Over the years, members of the branch have worked on various projects from on the move chemical detectors to microscope systems that can non-invasively identify exogenous materials on fingerprints which can sequentially be attributed to the individual who deposited the original print.
The Army's work with detection systems has led to a number of cooperative research and development agreements with commercial customers. CRADAs are advantageous to both the Army and the commercial partner as it allows each to be on the ground floor of the research and development of a system.
One project that stemmed from a CRADA relationship is currently showing great potential; it has been moved into an extended user evaluation with Marine Forces Pacific Command for further assessment under the Rapid Area Sensitive-site Reconnaissance Advanced Technology Demonstration sponsored by the Defense Threat Reduction Agency.
"The company came to us with model number 002, at a very early stage of development," said Jason Guicheteau, Ph.D. "We saw the potential and, through several partnerships, the instrument grew to a more robust system. The company itself sought larger commercial partners and is looking to transition even further."

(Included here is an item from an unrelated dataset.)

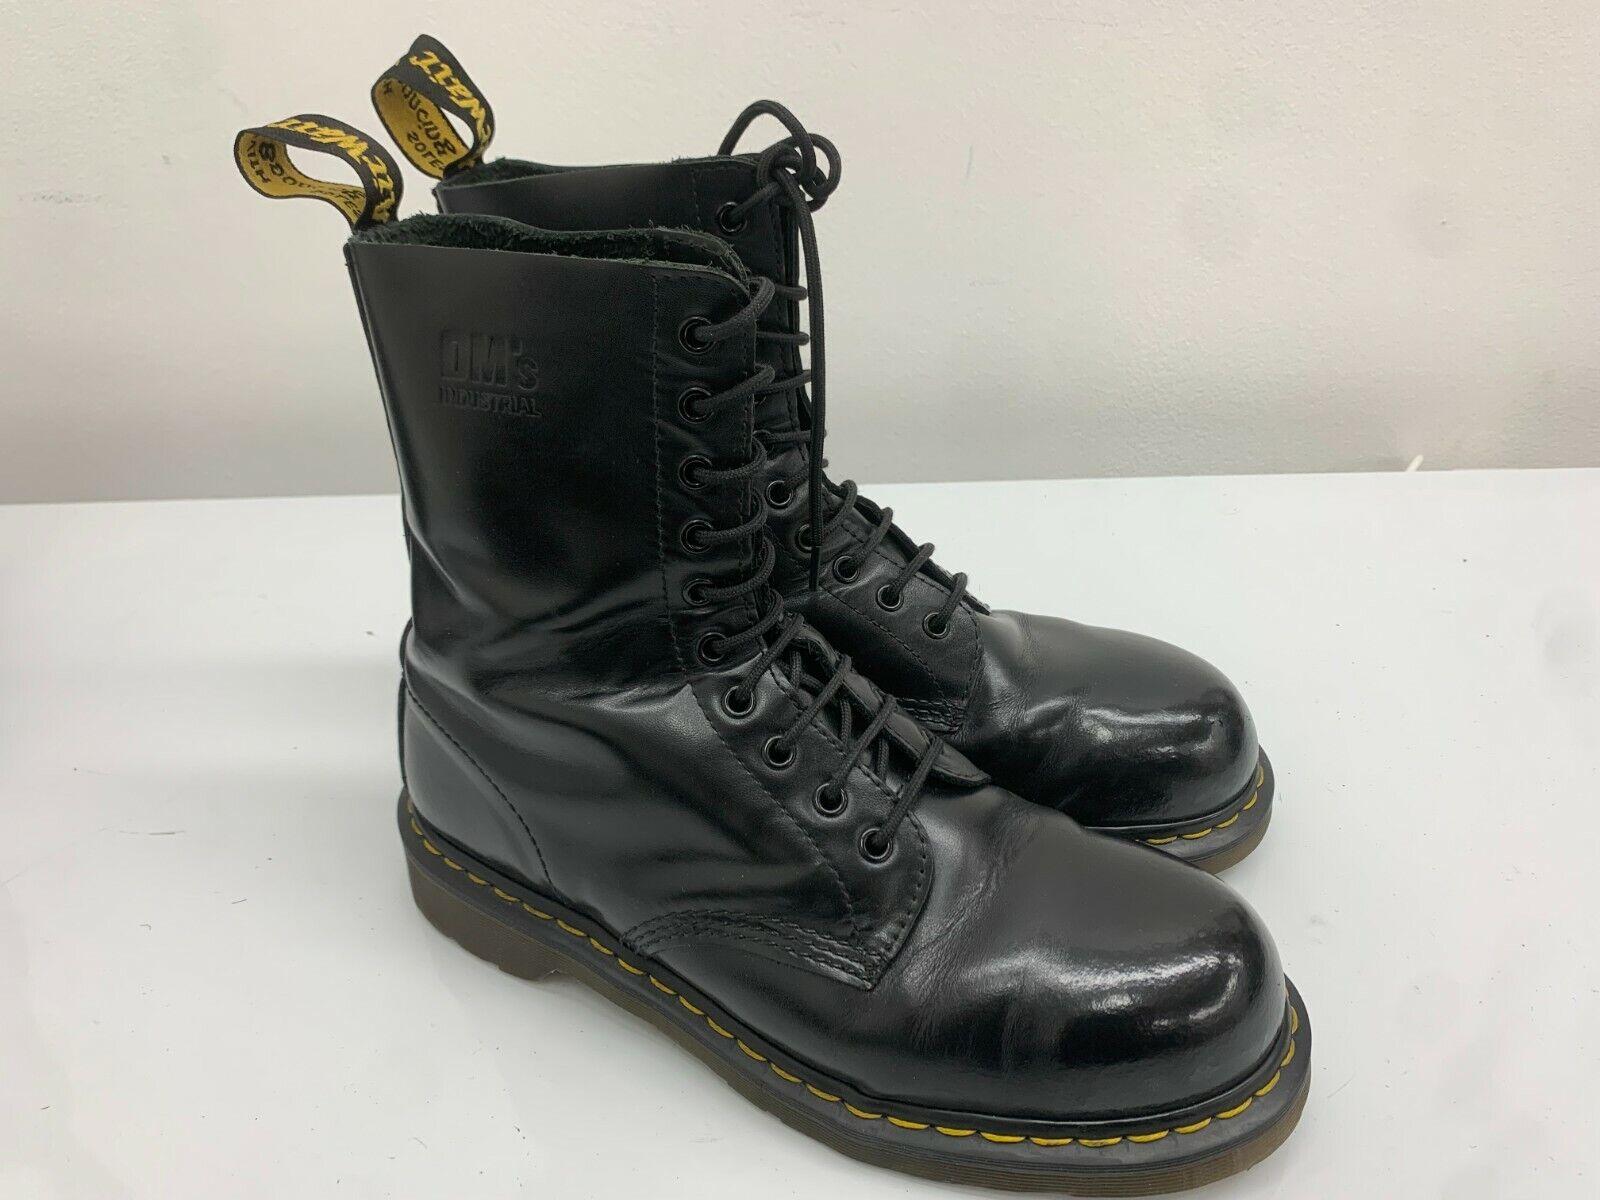 Dr Martens Boots, Black, Size 9UK, 10 Eyelet, Steel Toe Cap Docs Shiny DM's

The Laser Spectroscopy Branch supported the science and technology side of the RASR ATD, while members of its sister organization in the Engineering Directorate, the Advanced Technology Demonstration Branch, served as the technical manager. They specifically coordinated early user assessments, ruggedization, the Dugway Proving Ground Integrated System Demonstration and the operation demonstration using marines and soldiers.
Through their work with spectroscopy, the Laser Spectroscopy Branch has also identified potential issues of transitioning smaller portable instruments into the field, including the issue of the angle of the detector and how that affects its ability to yield accurate results. For many techniques, Raman in particular, traditional systems are ideally operated in a perpendicular manner.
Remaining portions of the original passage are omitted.